After collecting a large amount of text data, they must be pre-trained to build a pre-training corpus, including denoising, removing redundancy, and removing irrelevant and potentially toxic data. Figure 3 below shows the pre-processing pipeline for pre-training data for LLMs.
Architecture
In this section, the researcher reviews LLMs Architectural design, that is, mainstream architecture, pre-training goals and detailed configuration. Table 3 below lists model cards for several representative LLMs with publicly available details.
Due to its excellent parallelization and capacity, the Transformer architecture has become the backbone for developing various LLMs, enabling the scaling of language models to hundreds of billions parameters are possible. Generally speaking, the mainstream architectures of existing LLMs can be roughly divided into three major categories, namely encoder-decoder, ad hoc decoder, and prefix decoder.
Since the emergence of Transformer, various improvements have been proposed to improve its training stability, performance and computational efficiency. In this part, the researchers discuss the corresponding configurations of the four main parts of Transformer, including normalization, position encoding, activation function, attention mechanism, and bias.
Pre-training plays a very critical role, encoding general knowledge from a large-scale corpus into large-scale model parameters. For training LLMs, there are two commonly used pre-training tasks: language modeling and denoising autoencoding.
Model training
In this section, the researcher reviews important settings, techniques and training for training LLMs LLMs Tips.
For parameter optimization of LLMs, researchers have proposed commonly used batch training, learning rate, optimizer and training stability settings.
As model and data sizes increase, it has become difficult to effectively train LLMs models with limited computing resources. In particular, two major technical issues need to be addressed, such as increasing training by input and loading larger models into GPU memory. This section reviews several widely used methods in existing work to address the above two challenges, namely 3D parallelism, ZeRO, and mixed precision training, and gives suggestions on how to leverage them for training.
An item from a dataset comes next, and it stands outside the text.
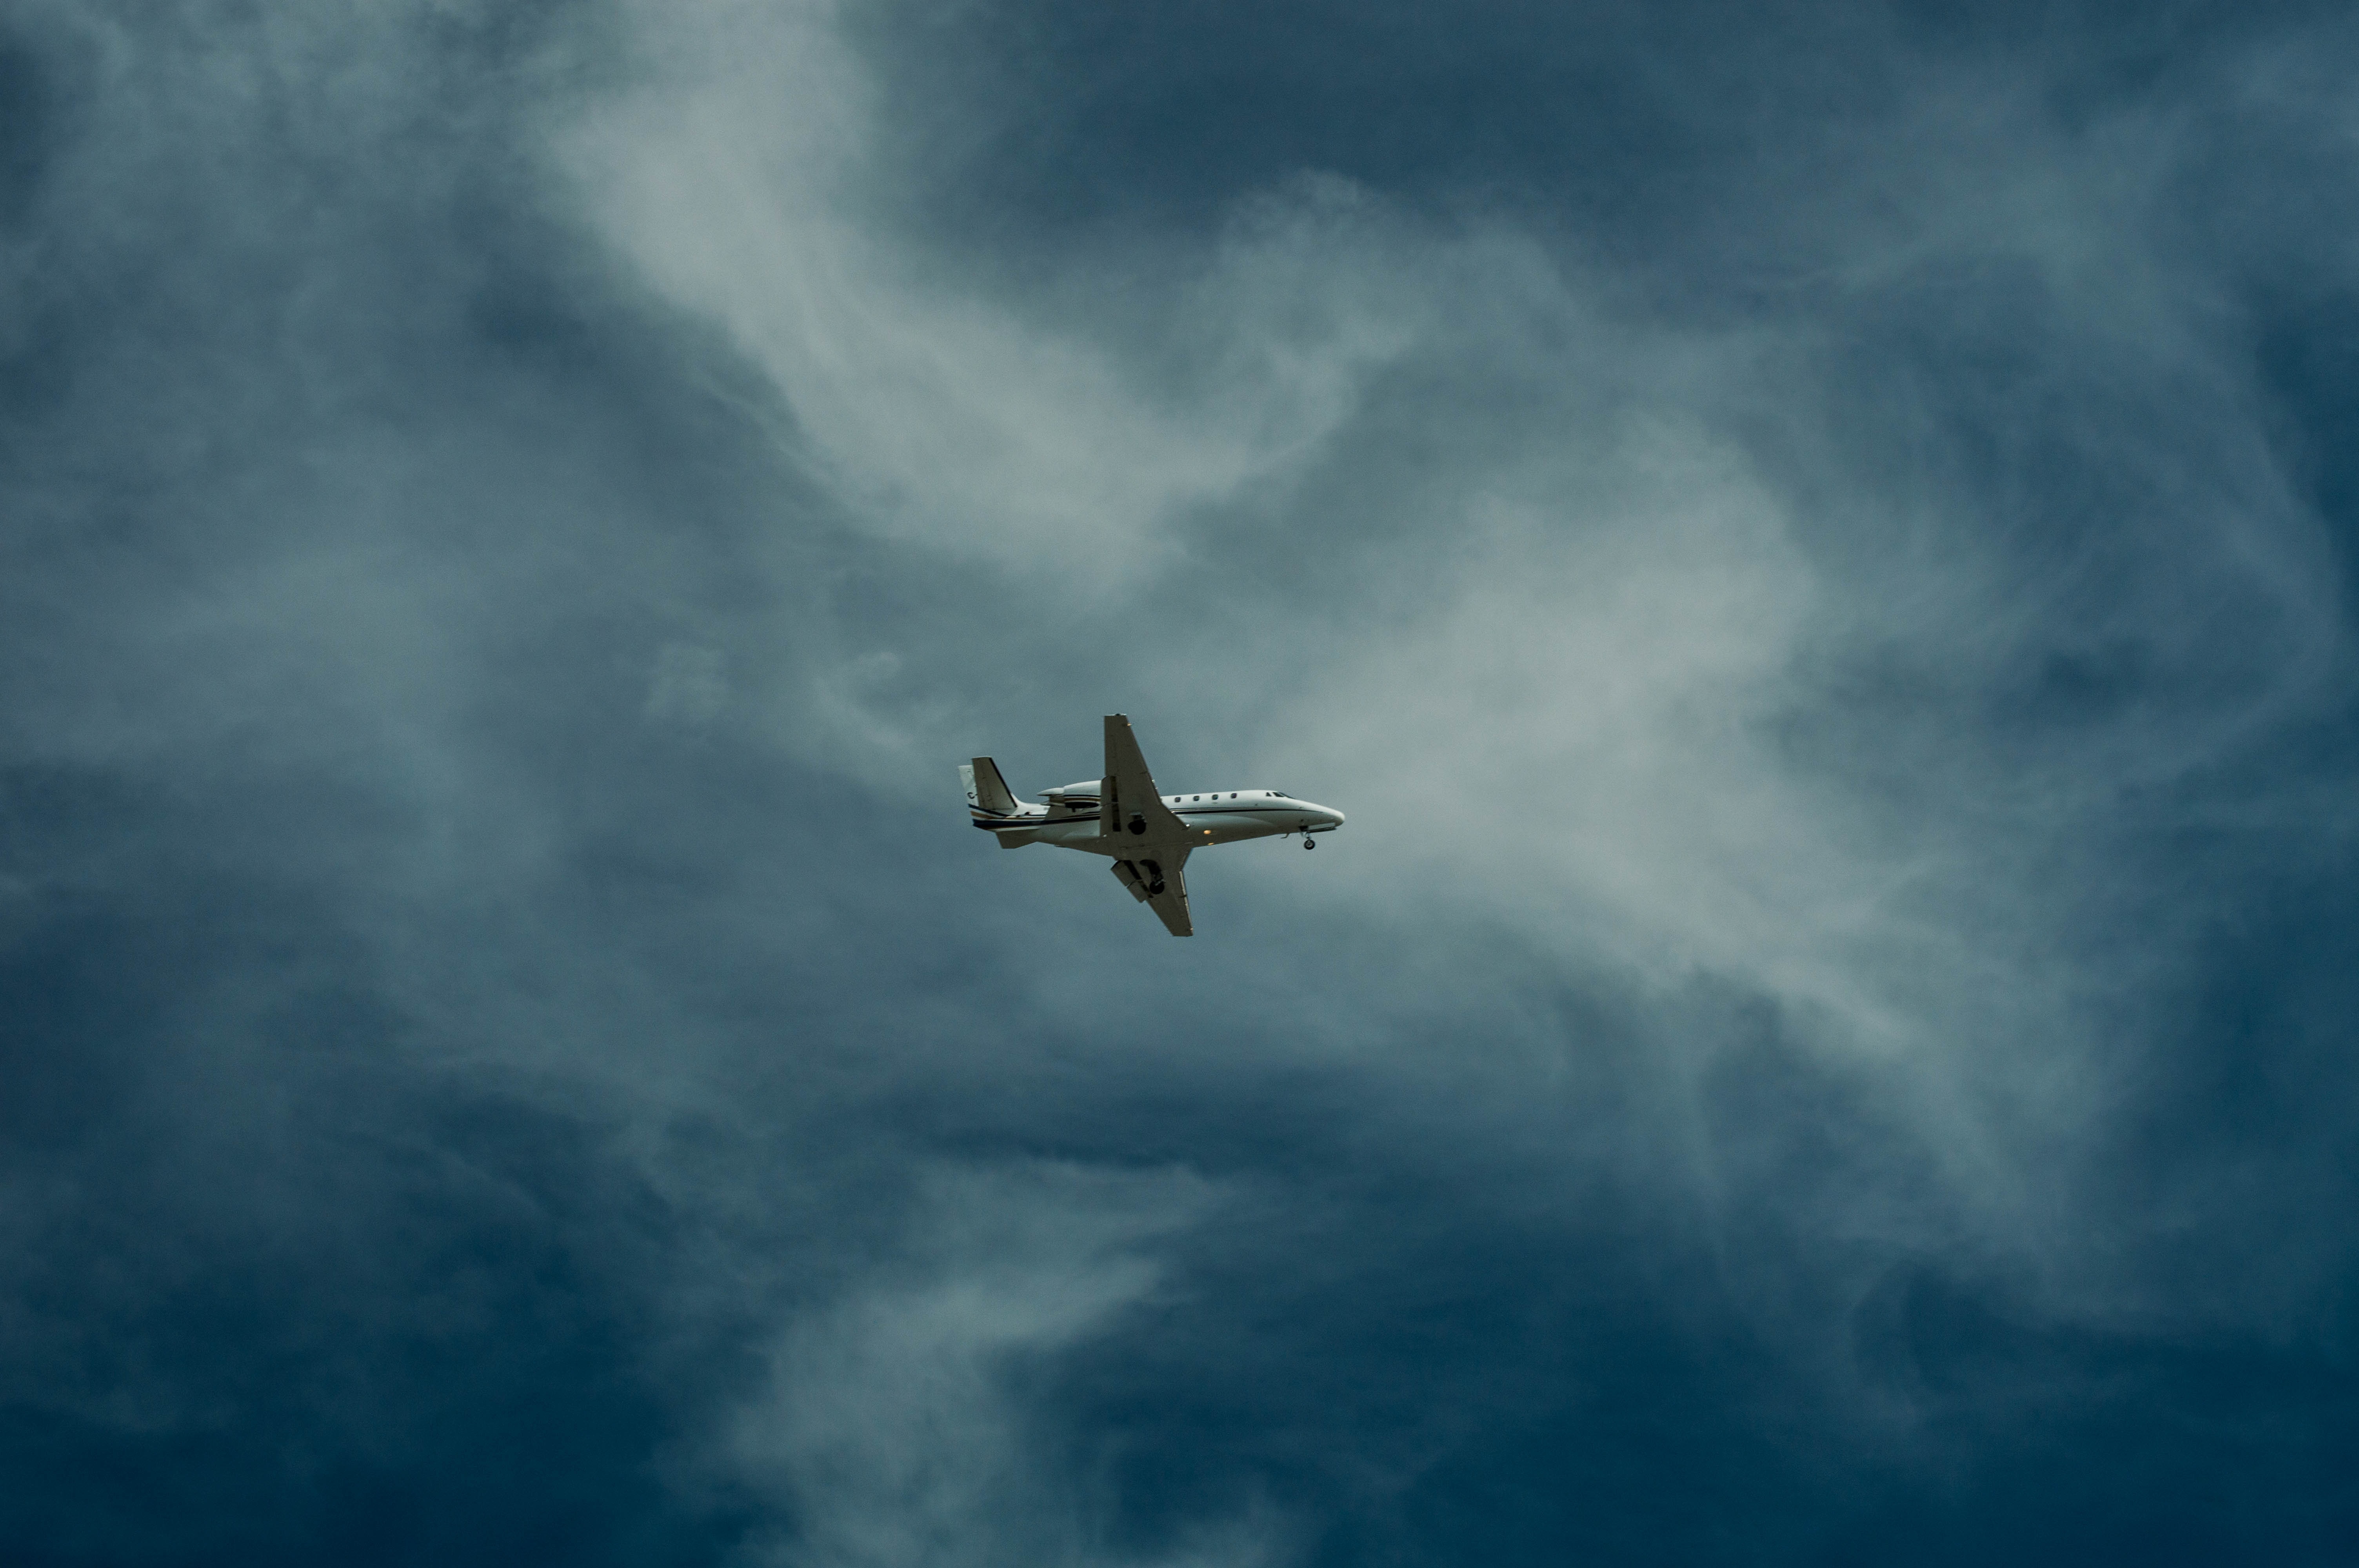 Самолет находящийся в полете преодолевает 220 метров. Самолет в небе. Cfvjktn DF yt,t. Обои самолет. Cfvjk`n d uyt,r.

After pre-training, LLMs can acquire the general ability to solve various tasks. Yet a growing body of research suggests that the capabilities of LLMs can be further tailored to specific goals. In Section 5, the researchers introduce in detail two main methods for tuning pre-trained LLMs, namely instruction tuning and alignment tuning. The former approach is mainly to improve or unlock the capabilities of LLMs, while the latter approach is to make the behavior of LLMs consistent with human values or preferences.
Instruction tuning
Essentially, instruction tuning is based on a set of formatted instances in natural language form Methods for fine-tuning pre-trained LLMs, which are highly relevant to supervised fine-tuning and multi-task cue training. In order to perform instruction tuning, we first need to collect or build an instance of the instruction format. We then typically use these formatted instances to fine-tune LLMs in a supervised learning manner (e.g., trained using a sequence-to-sequence loss). When their instructions are tuned, LLMs can demonstrate superior abilities to generalize to unseen tasks, even in multilingual environments.
A recent survey provides a systematic overview of instruction tuning research. In contrast, this paper focuses on the impact of instruction tuning on LLMs and provides detailed guidelines or strategies for instance collection and tuning. Additionally, this paper discusses the use of instruction tuning to meet users' actual needs, which has been widely used in existing LLMs such as InstructGPT and GPT-4.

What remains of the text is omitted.